Hadoop follows master slave architecture with one Name-Node and multiple Data-Nodes. Whenever a file is pushed into HDFS for storage, the file splits into number of data blocks of desired size, placed randomly across the available DN. When executing a query, Meta information is obtained from the Name-Node about the locality of the required blocks and then query executed in Data-Node where required blocks are located. The most important feature of Hadoop is this movement of the computation to the data rather than the way around (Dean & Ghemawat, 2008). Hence the position of data across the Data-Nodes plays a significant role in efficient query processing. Hence, we focus on finding an innovative data placement strategy so that the queries are solved at the earliest possible time to enable quick decisions as well as to derive maximum utilization of resources. Since the real value of the analyzing Big-Data is, accelerating the time-to-answer especially in streaming data where immediate response for taking better decision is much desired. (Lee et al., 2014; Wang et al., 2014; Yuan et al., 2010).

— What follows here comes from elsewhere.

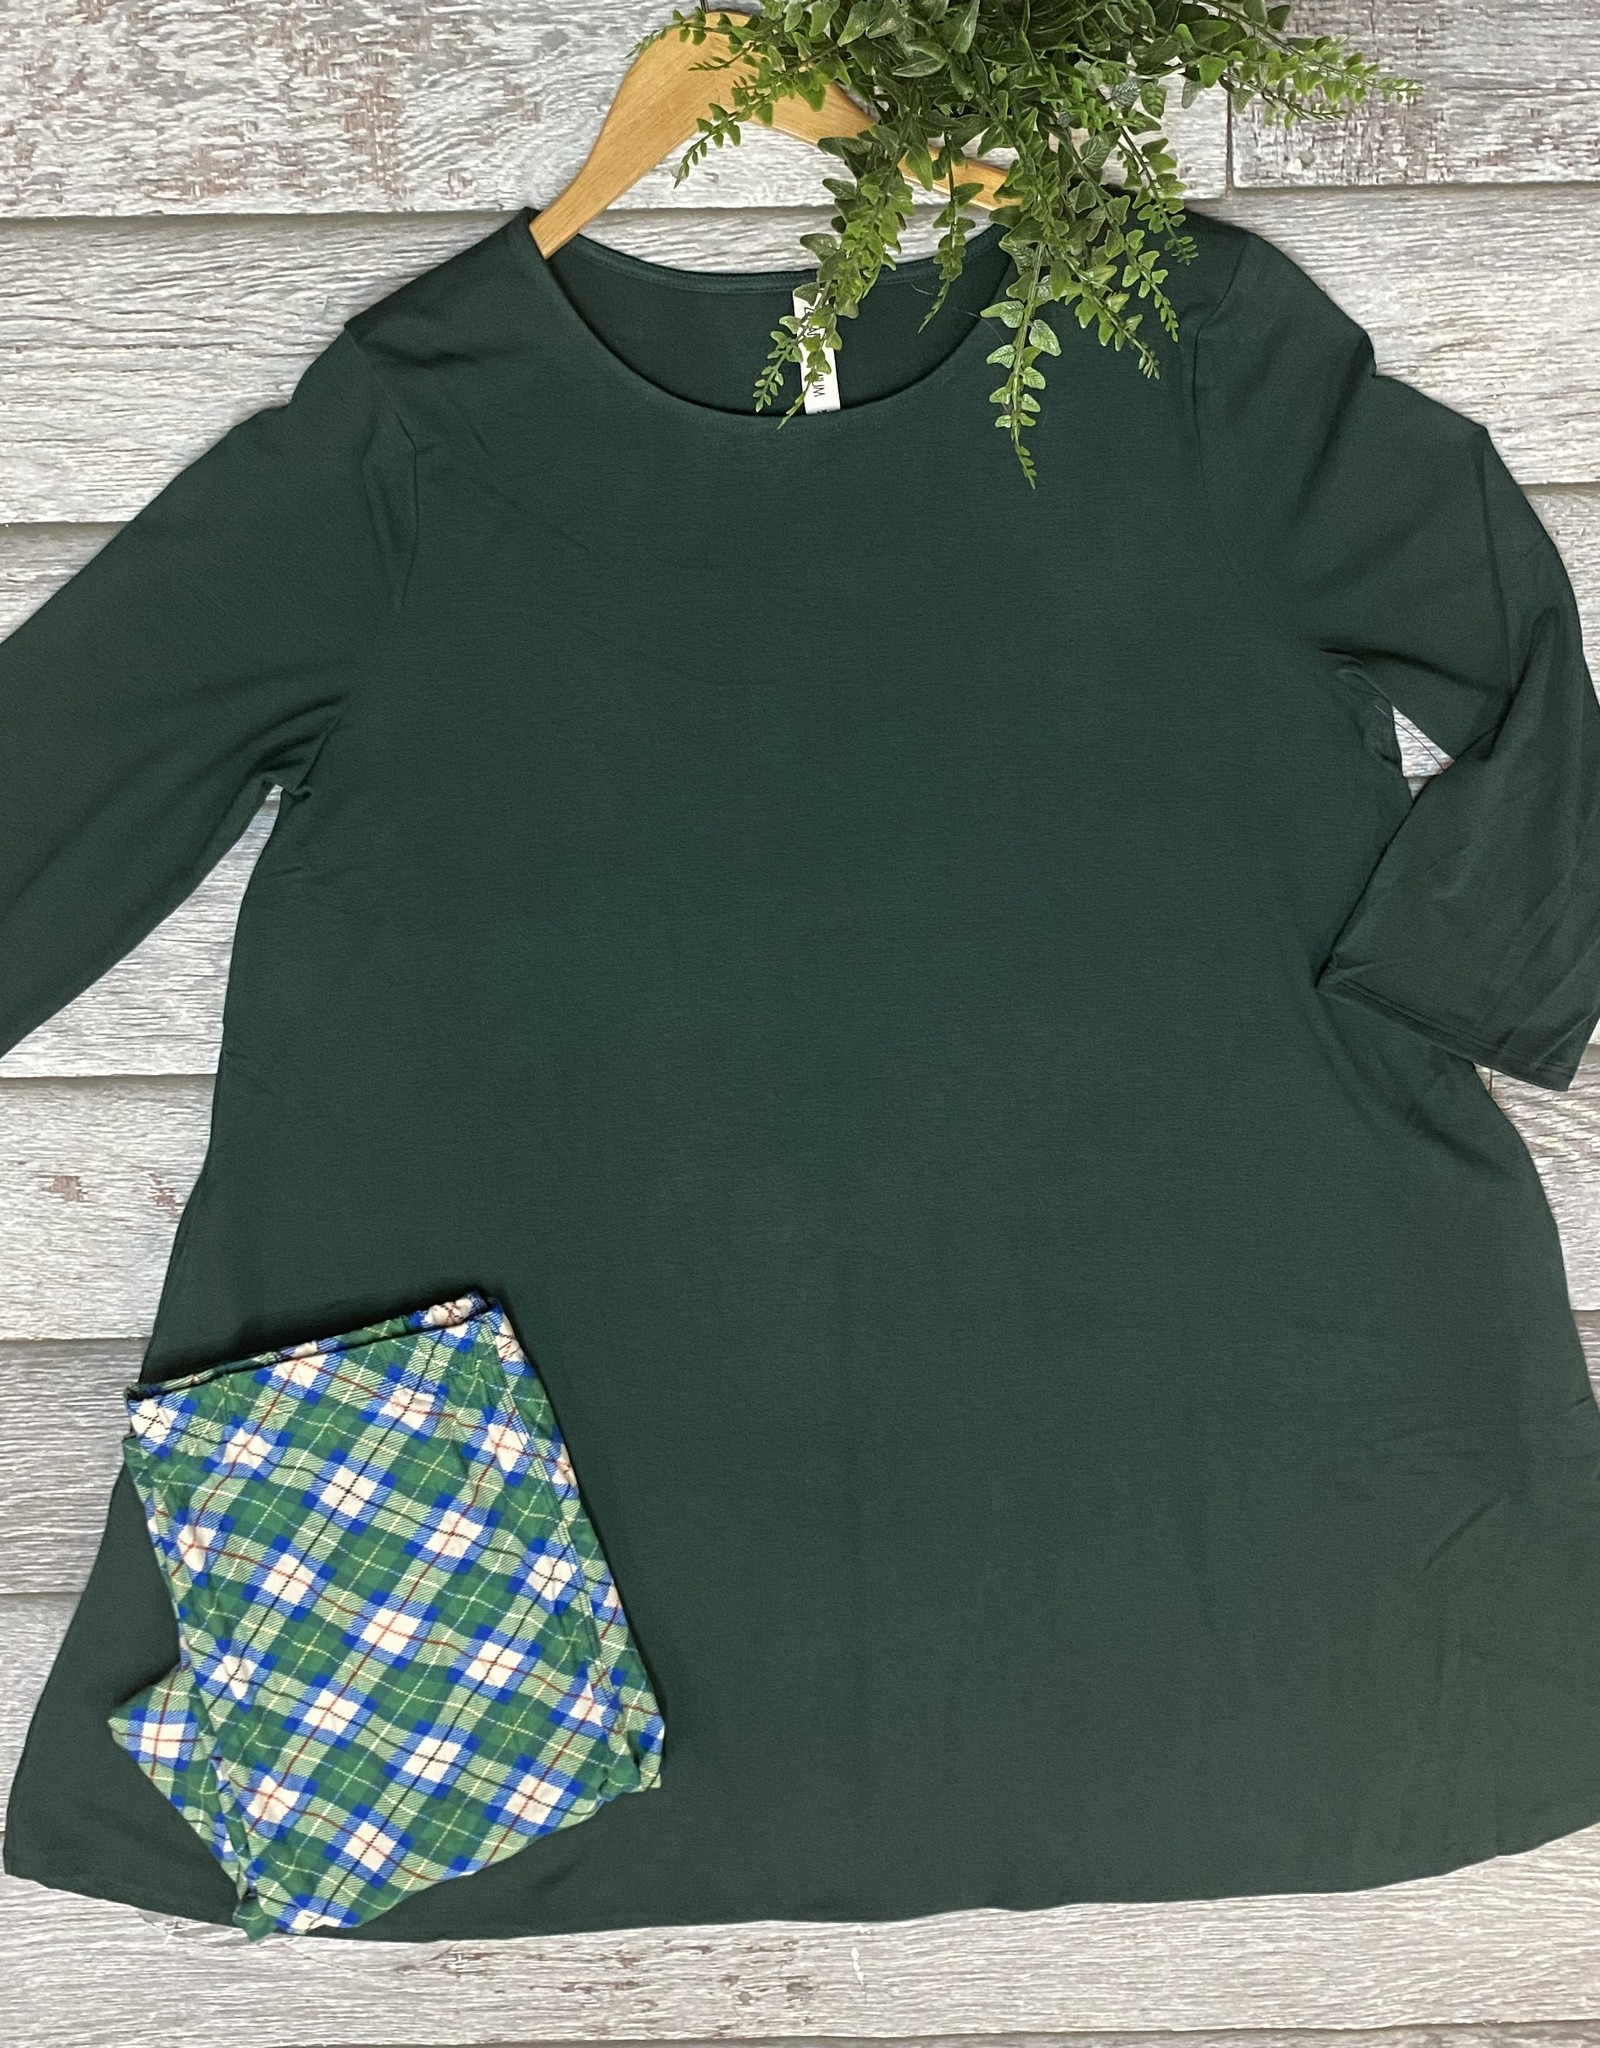 SASS Boutique Exclusive Green Plaid Leggings

Figure 1. Need for an optimal data placement - Illustration
The time taken to execute a query and return the results increase exponentially as the data size increases, leading to more waiting time for the user. The complexity of query execution is influenced by volume of data, the amount of data requested from the query, the type of data, complexity of the data etc. Sometimes the wait times could range from minutes, to hours, to days and to weeks in some worst cases. One of the major reasons for slow speed of executions could be due to the non-availability of the blocks required for execution locally so that the data has to be transferred across the network for execution, leading to increased execution time as shown in the Figure 1.